Movie still for Netflix's 2019 film Secret Obsession where Dennis Haysbert tries to find out what happened to Brenda Song as the detective on her case
BRENDA SONG, GIRL, YOU ARE NOT IN GOOD HANDS. (Image Source)
We like to encourage our readers to watch films for themselves to make their own assessment of how they feel about a movie. We rarely ever dissuade people from viewing something, but we can't hold back this time.
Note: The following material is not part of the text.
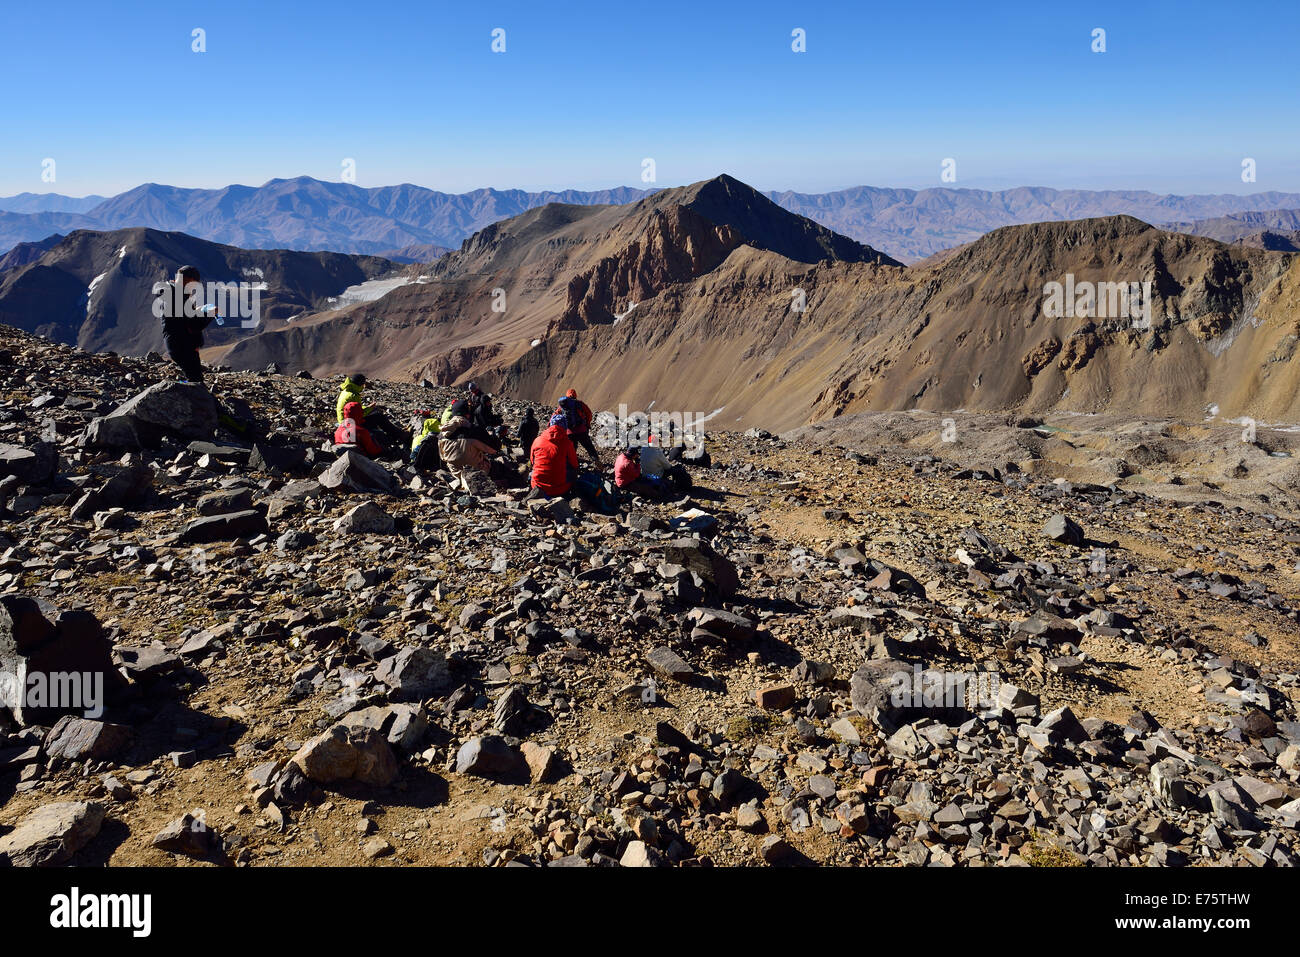 Group of hikers resting on the way to Alam Kuh, 4848m, Kelardasht, Takht-e Suleyman Massif, Alborz Mountains Stock Photo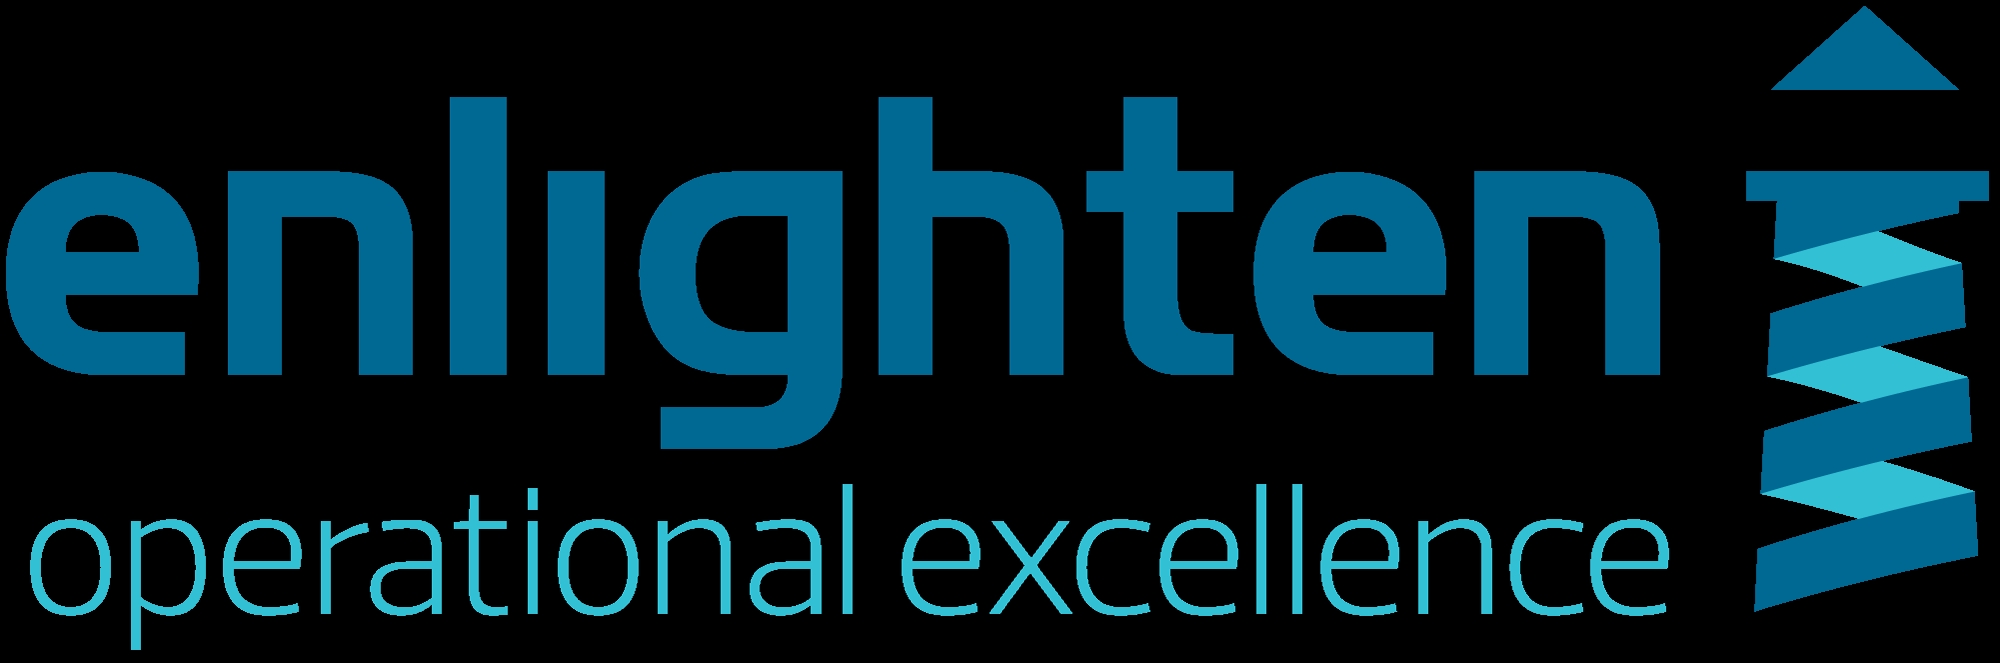 enlighten-operational-excellence-logo-color.png

If you have Netflix, please, please do not watch "Secret Obsession." Netflix needs to know that this project was not worth what they paid to have it made, and the only way this will be reflected is if people do not give in. Just don't. That's it. We're done. We cannot possibly invest any more time in this garbage movie. At least it sparked our creativity.

My Rating: 1/10
BigJ's Rating: 1/10
IMDB's Rating: 4.3/10
RT Rating: 30%
Do we recommend this movie: AVOID LIKE THE MOTHERFUCKING PLAGUE!!!!!!!